Voor het parket van rechtbank van eerste aanleg ging men uit van een verhouding van het aantal parketmagistraten/rechters (zonder fiscale substituten) van 9/10. Er werden correcties voorzien van 1 voor grote arrondissementen 2 voor Brussel, met een minimum van 6 substituten per arrondissement (met uitzondering van Eupen). Grensarrondissementen (Ieper, Brugge, Dinant, Dendermonde, Verviers) kregen een substituut bij.

5. Door de budgettaire restricties is er geen ruimte voor toevoeging van bijkomende magistraten. De optimale aanwending van de beschikbare middelen wint hierdoor nog aan belang. Een concreet zicht op de verdeling van de werklast wordt daarom noodzakelijk.

6. Mijn voorganger Jo Vandeurzen heeft de werklastmeting binnen de zetel gelanceerd met het protocol uit juni 2008. Het college van procureurs-generaal werkt reeds langer aan een werklastmeting bij de parketten. Die oefening voor een meer evenwichtiger verdeling is bezig en als minister steun ik die oefening ten volle.

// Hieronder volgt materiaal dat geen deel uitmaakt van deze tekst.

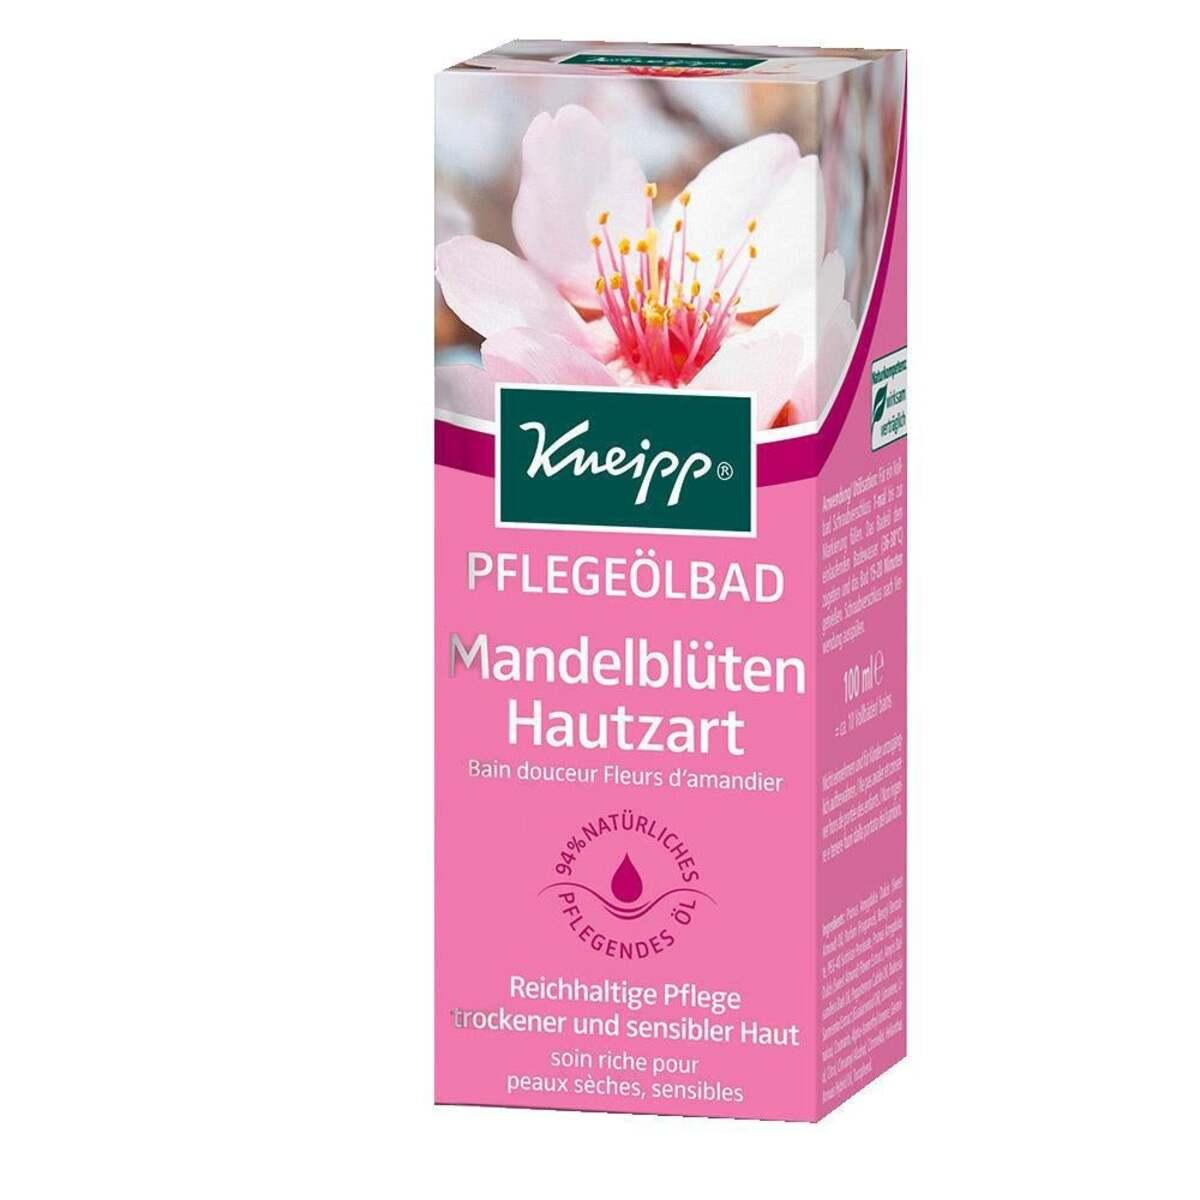 Bild 1 von Kneipp Pflegeölbad Mandelblüten Hautzart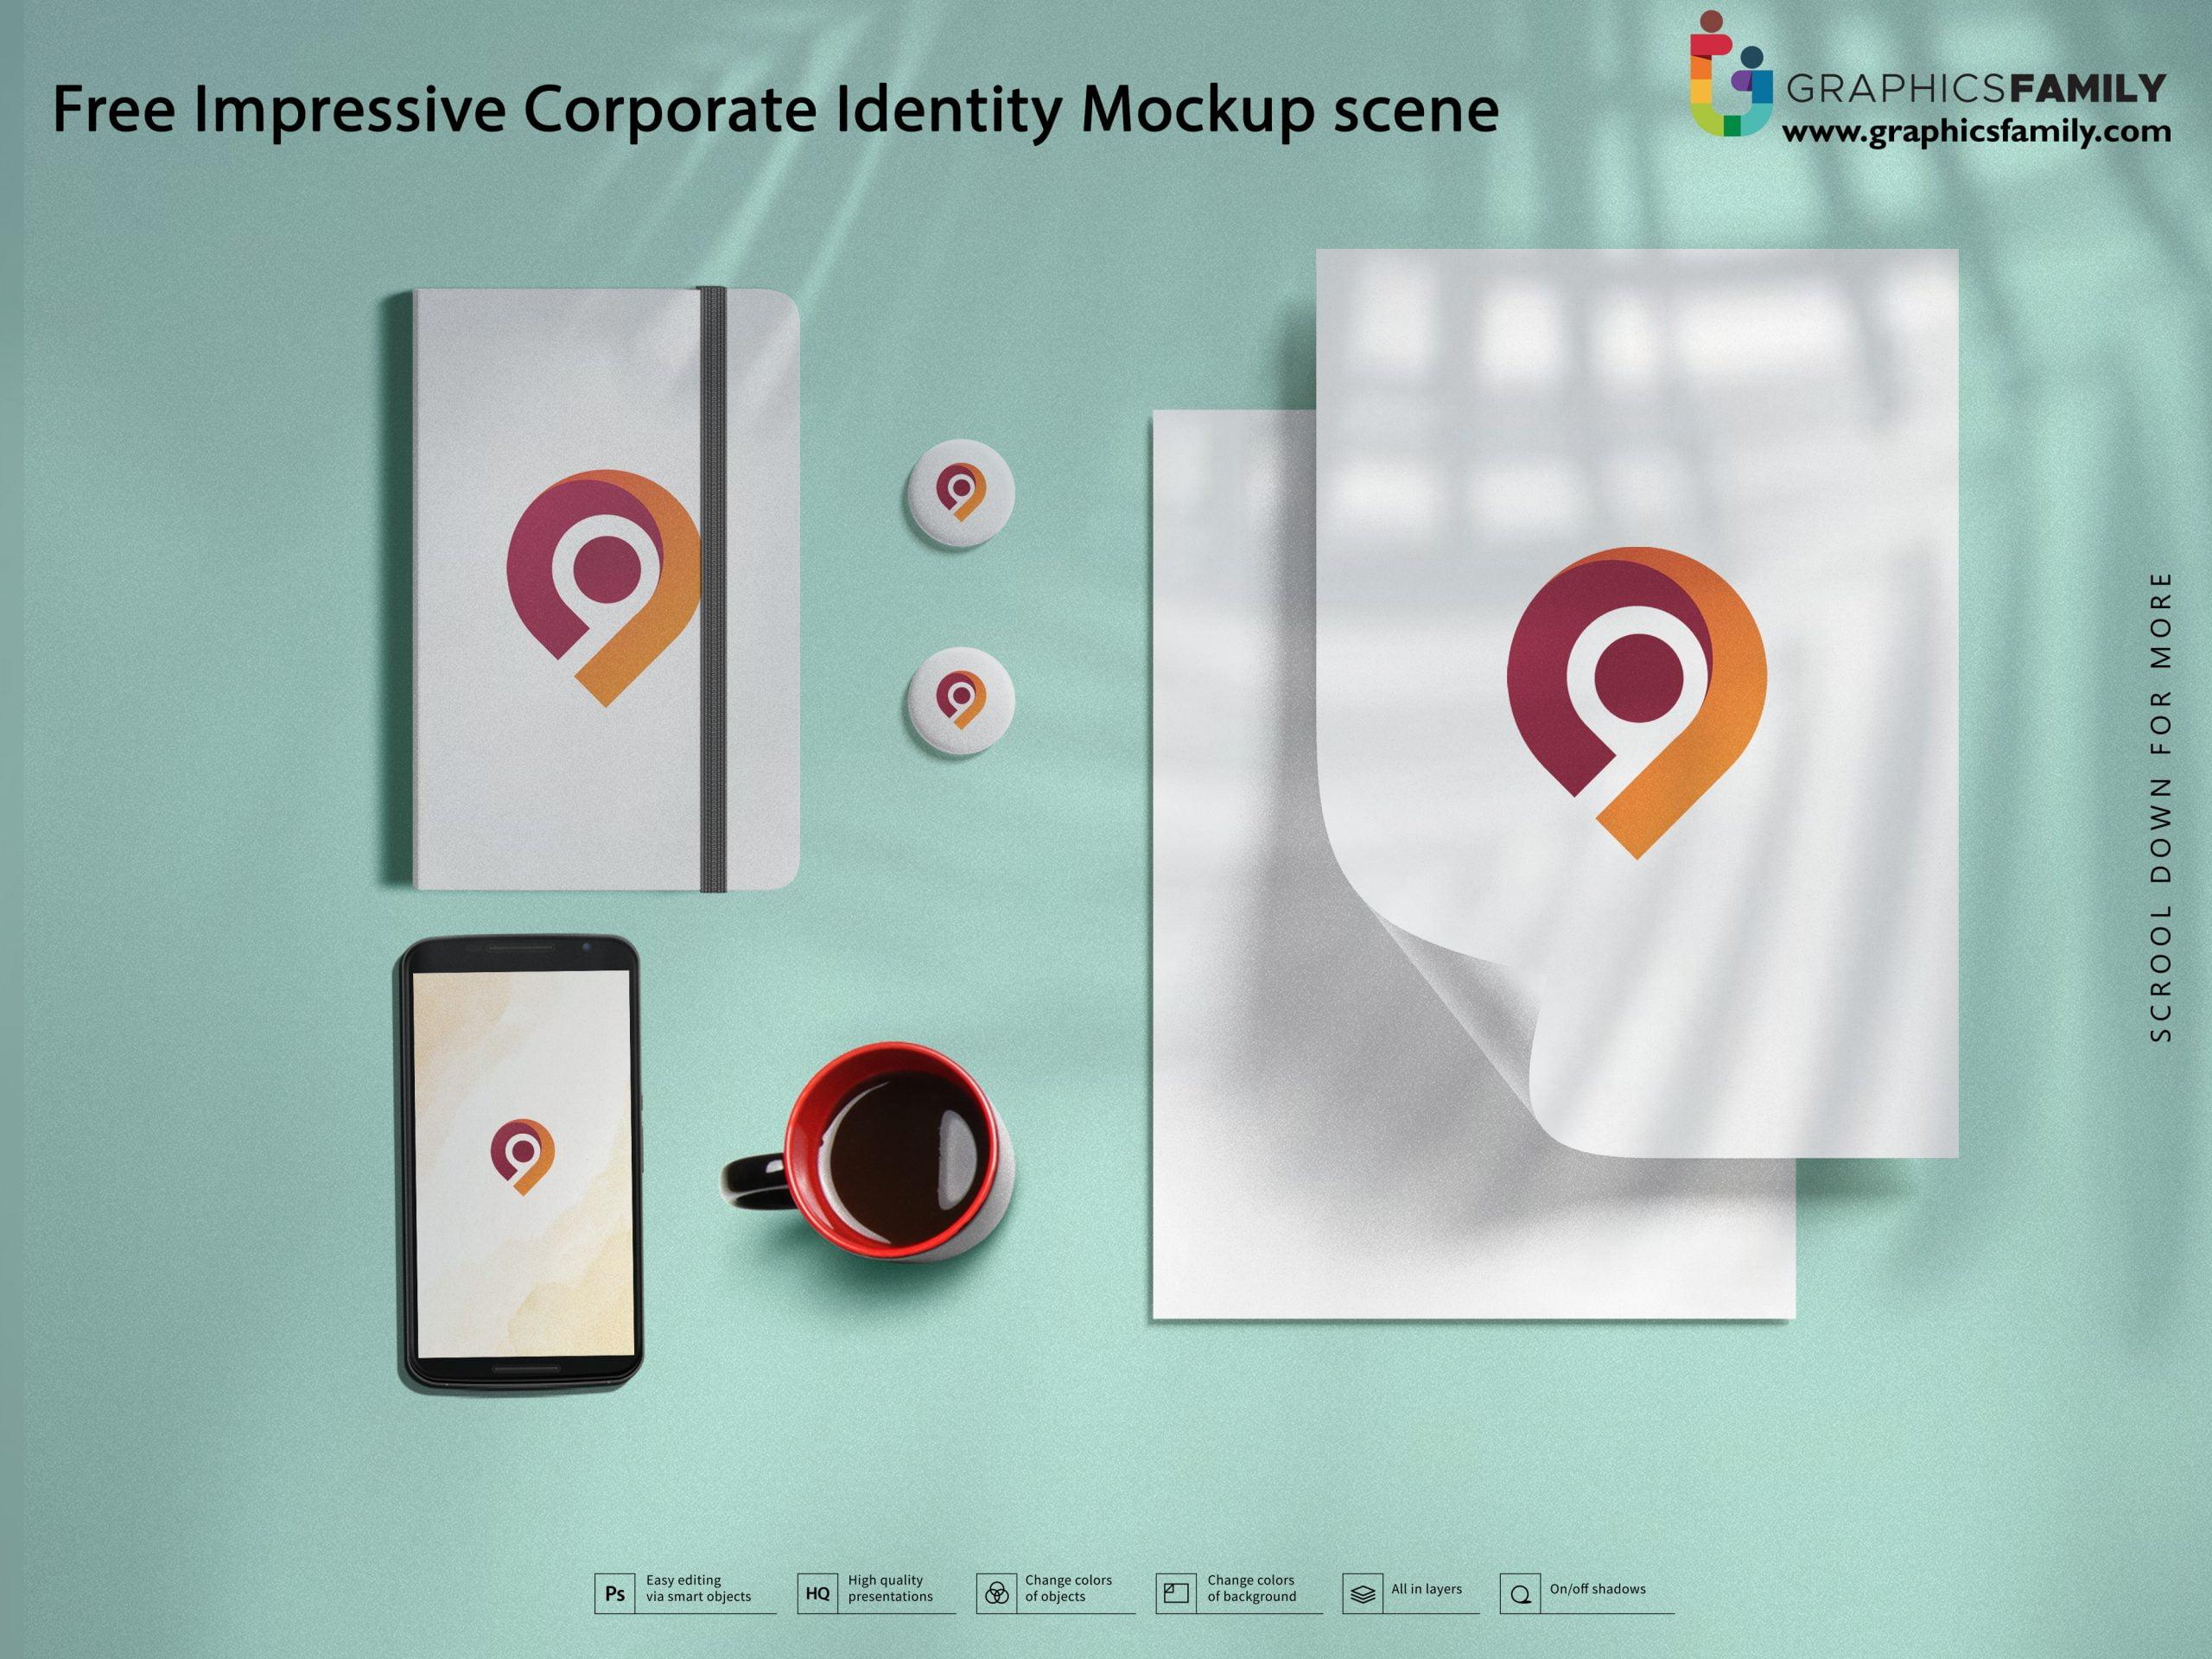 Free Impressive Corporate Identity Mockup scene Download

Maar deze oefening gebeurt niet op basis van bevolkingscijfers. Dit cijfer heeft de schijn van objectiviteit omdat het uitgaat van de veronderstelling dat het gekende bevolkingscijfer van een arrondissement, een indicatie is van het aantal zaken in dat arrondissement. Vaak werd het gebruikt als surrogaat omdat men geen optimaal zicht had op het aantal zaken in de rechtbanken.

Maar in 1998 heeft men reeds gekeken naar het aantal zaken in de rechtbanken. Het gebruik van het aantal zaken en vonnissen is een verbetering ten opzichte van het bevolkingscijfer, maar nog niet ideaal. Het is een louter kwantitatieve benadering, die weinig rekening houdt met de diversiteit van de zaken.

De werklastmeting zoals ze nu plaats vindt bij het openbaar ministerie en bij de zetel, beoordeelt de werklast en personeelsbehoefte op een complexere en verfijndere manier. Zij meet met name de tijd die magistraten en personeel nodig hebben om een bepaald type dossier te behandelen, het aantal dossiers van dat type en de tijd die magistraten en personeel ter beschikking hebben om aan dossiergebonden arbeid te doen. Deze meeting gebeurt voor een hele reeks type zaken en is dus zeer gedetailleerd. De verhouding tussen het aantal voltijdse equivalenten die nodig zijn om de werkhoeveelheid te verzetten en de voltijdse equivalenten aanwezig in de rechtbank die aan de dossiers kunnen werken, geven een cijfer van de personeelsbehoefte van een bepaalde rechtbank.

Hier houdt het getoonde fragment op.